2. A high temperature superconducting magnetic levitation track with cooling system according to claim 1 wherein the cooling pipes are round or square pipes, two or more, each cooling pipe being arranged in rows in the through holes.

3. The high-temperature superconductive magnetic levitation track with cooling system according to claim 1, wherein the track bottom plate is provided with a row of bolt through holes near the inner side of the track beam, and the row of bolt through holes is arranged in parallel with the track beam.

4. A high temperature superconducting magnetic levitation railway with a cooling system according to any of claims 1-3, wherein the permanent magnet is integrally formed in a rectangular parallelepiped plate-like structure having the same cross section as the raceway surface and is fixedly connected to the raceway surface by magnetic attraction force.

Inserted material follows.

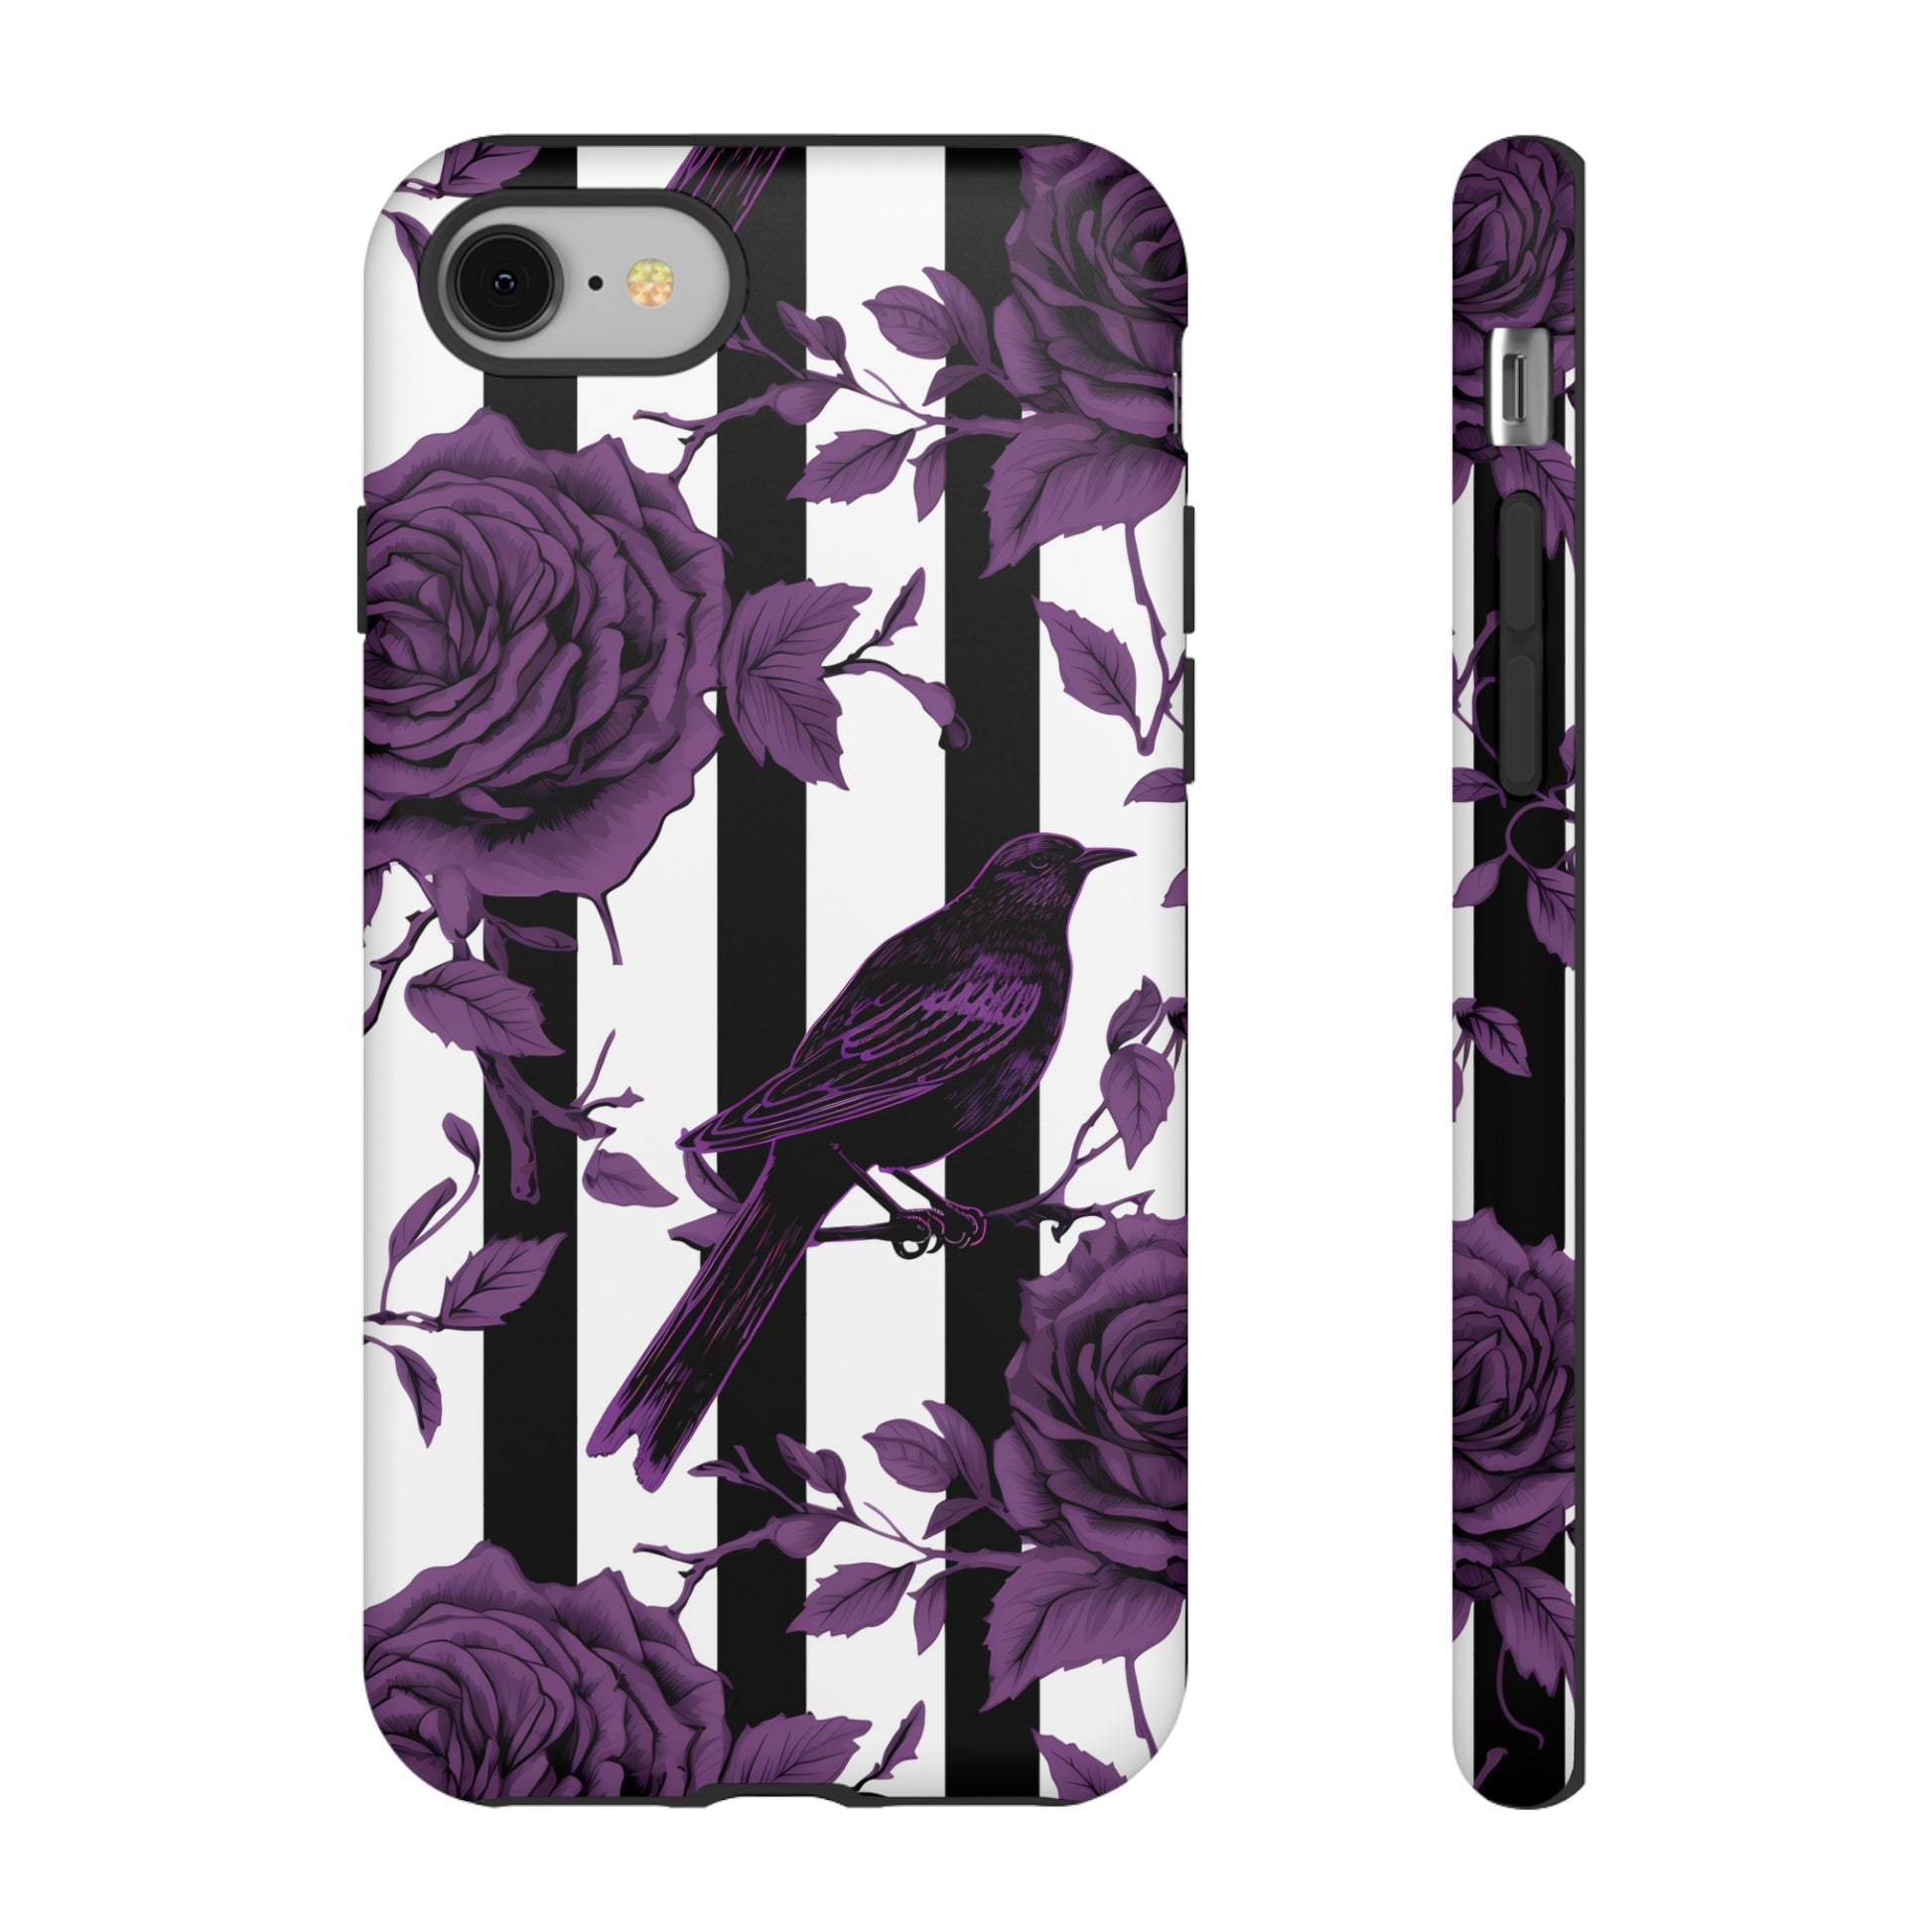 Striped Crows and Roses Tough Cases for iPhone Samsung Google PhonesPhone CaseVTZdesignsiPhone 8MatteAccessoriescrowsGlossy

5. A method of operating a magnetic levitation train, characterized in that it is implemented using a high-temperature superconducting magnetic levitation track with a cooling system according to any of claims 1-4, comprising the steps of:

s1: detecting the train and the high-temperature superconductive magnetic levitation track with the cooling system before the train runs, and then transferring the train to the high-temperature superconductive magnetic levitation track with the cooling system to finish preparation before departure;

s2: the high-temperature superconductor is cooled, so that the high-temperature superconductor and a permanent magnet arranged on a track surface generate opposite magnetic poles, and repulsive force is generated to offset the gravity direction of the train, so that the train is suspended on the track surface for a certain distance;

s3: after the train is suspended and kept stable, the magnetic field generated by the linear motor rotor interacts with the linear motor rotor arranged at the bottom of the train to generate electromagnetic force driving force to push the running and braking of the train, and meanwhile, the linear motor rotor is cooled and radiated through a cooling pipe arranged inside a linear motor rotor support;

s4: when the train is started, a gradually-amplified current is applied to the linear motor rotor, so that the linear motor rotor and the linear electronic rotor generate a gradually-increased forward driving force, and after the train stably runs, a smaller current is applied to the linear motor rotor, so that the forward driving force generated by the linear motor rotor and the induction plate can offset the resistance born by the running of the train, and the normal running of the train is ensured; when the train is about to enter a station, a gradually-reduced reverse current is applied to the linear motor rotor, so that the linear motor rotor and the induction plate generate a gradually-reduced backward driving force, and the train is helped to perform deceleration braking;

s5: after the train is braked slowly, the temperature of the high-temperature superconductor arranged on the train bottom plate is gradually increased, so that the high-temperature superconductor can slowly and stably descend until stopping is completed.